What you are asked to do
From the line with "Męskie sposoby na" through the line with "Ziemlich Gluteus Medius", inclusive, return each line of the data below exactly and leave the rest out.

Provided entries
========
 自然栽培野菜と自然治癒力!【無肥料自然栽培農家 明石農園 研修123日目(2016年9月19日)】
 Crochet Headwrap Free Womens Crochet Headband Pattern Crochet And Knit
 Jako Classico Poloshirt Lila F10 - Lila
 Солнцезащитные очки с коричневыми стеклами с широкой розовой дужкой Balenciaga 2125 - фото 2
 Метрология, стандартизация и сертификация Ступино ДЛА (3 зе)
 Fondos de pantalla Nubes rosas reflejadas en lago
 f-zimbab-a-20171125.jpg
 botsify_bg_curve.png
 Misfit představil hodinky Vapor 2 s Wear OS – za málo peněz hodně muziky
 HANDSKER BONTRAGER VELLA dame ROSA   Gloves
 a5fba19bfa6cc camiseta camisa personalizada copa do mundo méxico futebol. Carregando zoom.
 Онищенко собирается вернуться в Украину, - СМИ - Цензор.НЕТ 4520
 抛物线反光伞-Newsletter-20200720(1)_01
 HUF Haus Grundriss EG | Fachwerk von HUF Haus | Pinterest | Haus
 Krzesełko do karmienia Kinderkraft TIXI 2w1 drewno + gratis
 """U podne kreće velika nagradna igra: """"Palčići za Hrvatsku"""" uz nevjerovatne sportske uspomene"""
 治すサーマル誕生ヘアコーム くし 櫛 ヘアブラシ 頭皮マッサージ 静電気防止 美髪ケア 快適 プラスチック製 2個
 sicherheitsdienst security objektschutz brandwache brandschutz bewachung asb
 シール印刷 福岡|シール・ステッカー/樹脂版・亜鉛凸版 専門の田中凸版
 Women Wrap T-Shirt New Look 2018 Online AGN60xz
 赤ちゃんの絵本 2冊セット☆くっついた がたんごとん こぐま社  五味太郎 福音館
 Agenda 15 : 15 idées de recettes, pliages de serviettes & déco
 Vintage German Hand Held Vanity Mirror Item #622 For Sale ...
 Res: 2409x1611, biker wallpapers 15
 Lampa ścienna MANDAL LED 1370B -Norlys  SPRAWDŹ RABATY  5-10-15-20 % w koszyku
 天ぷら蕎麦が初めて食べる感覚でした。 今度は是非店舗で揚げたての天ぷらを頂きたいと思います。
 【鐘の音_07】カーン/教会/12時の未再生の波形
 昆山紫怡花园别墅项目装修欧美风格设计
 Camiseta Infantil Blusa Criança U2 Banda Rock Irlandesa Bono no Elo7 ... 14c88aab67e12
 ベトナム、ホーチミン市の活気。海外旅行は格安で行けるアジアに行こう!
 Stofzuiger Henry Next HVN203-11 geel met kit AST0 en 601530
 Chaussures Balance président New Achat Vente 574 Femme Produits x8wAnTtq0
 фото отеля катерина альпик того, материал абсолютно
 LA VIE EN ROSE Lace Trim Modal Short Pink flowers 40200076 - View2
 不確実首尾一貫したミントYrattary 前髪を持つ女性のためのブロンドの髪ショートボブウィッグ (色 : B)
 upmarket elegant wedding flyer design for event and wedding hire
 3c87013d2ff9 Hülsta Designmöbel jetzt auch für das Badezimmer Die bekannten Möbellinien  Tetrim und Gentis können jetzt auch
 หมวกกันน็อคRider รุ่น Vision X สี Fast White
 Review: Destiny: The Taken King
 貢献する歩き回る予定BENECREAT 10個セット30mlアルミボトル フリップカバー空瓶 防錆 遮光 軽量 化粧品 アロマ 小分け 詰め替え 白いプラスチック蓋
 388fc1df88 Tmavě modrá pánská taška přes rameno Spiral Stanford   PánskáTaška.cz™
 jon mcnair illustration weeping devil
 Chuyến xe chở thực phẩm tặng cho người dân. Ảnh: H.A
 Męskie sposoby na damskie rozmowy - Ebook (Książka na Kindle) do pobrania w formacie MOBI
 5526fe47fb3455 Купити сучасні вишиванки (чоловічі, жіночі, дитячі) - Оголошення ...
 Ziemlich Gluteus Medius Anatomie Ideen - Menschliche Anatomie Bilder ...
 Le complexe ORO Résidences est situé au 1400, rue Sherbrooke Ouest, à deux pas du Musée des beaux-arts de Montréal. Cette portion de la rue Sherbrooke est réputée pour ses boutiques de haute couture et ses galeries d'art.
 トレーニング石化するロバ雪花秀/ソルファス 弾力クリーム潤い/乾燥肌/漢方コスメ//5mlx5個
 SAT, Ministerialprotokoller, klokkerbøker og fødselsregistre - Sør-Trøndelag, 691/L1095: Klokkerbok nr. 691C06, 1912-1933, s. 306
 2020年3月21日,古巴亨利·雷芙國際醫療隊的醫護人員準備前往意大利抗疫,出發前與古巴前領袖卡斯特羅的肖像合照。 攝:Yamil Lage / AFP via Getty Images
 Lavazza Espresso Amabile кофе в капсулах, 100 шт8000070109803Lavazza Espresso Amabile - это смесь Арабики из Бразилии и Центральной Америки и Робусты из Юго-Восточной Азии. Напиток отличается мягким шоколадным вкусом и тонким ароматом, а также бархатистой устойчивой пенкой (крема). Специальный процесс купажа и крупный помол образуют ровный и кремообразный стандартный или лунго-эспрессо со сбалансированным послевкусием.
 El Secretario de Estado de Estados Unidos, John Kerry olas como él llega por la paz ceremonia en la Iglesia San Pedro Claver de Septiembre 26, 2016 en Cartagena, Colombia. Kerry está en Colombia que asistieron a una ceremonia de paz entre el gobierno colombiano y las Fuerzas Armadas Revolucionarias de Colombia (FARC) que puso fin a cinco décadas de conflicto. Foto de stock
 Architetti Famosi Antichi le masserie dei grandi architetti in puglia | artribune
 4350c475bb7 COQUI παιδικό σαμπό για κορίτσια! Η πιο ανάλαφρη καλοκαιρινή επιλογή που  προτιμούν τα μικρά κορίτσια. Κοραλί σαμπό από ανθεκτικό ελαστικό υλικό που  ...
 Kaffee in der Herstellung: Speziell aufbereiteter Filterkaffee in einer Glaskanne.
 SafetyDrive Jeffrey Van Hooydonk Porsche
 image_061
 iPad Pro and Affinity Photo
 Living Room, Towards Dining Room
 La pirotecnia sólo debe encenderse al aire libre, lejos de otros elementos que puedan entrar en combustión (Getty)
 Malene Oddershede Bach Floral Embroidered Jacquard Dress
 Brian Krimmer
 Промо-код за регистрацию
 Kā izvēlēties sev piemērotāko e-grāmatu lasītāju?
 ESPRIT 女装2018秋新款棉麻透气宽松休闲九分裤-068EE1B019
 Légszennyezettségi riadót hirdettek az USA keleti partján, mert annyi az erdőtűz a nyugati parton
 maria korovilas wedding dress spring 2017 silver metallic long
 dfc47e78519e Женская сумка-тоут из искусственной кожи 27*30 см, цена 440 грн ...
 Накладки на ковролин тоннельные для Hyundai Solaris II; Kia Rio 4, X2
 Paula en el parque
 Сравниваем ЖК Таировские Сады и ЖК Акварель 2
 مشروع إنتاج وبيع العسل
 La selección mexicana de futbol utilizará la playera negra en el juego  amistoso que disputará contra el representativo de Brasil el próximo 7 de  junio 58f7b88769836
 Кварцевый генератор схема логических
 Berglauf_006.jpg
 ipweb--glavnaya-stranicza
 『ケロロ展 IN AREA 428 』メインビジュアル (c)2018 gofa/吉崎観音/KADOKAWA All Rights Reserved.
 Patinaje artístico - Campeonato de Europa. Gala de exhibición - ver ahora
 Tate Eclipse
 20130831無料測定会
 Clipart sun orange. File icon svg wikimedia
========
Exercise answer
 Męskie sposoby na damskie rozmowy - Ebook (Książka na Kindle) do pobrania w formacie MOBI
 5526fe47fb3455 Купити сучасні вишиванки (чоловічі, жіночі, дитячі) - Оголошення ...
 Ziemlich Gluteus Medius Anatomie Ideen - Menschliche Anatomie Bilder ...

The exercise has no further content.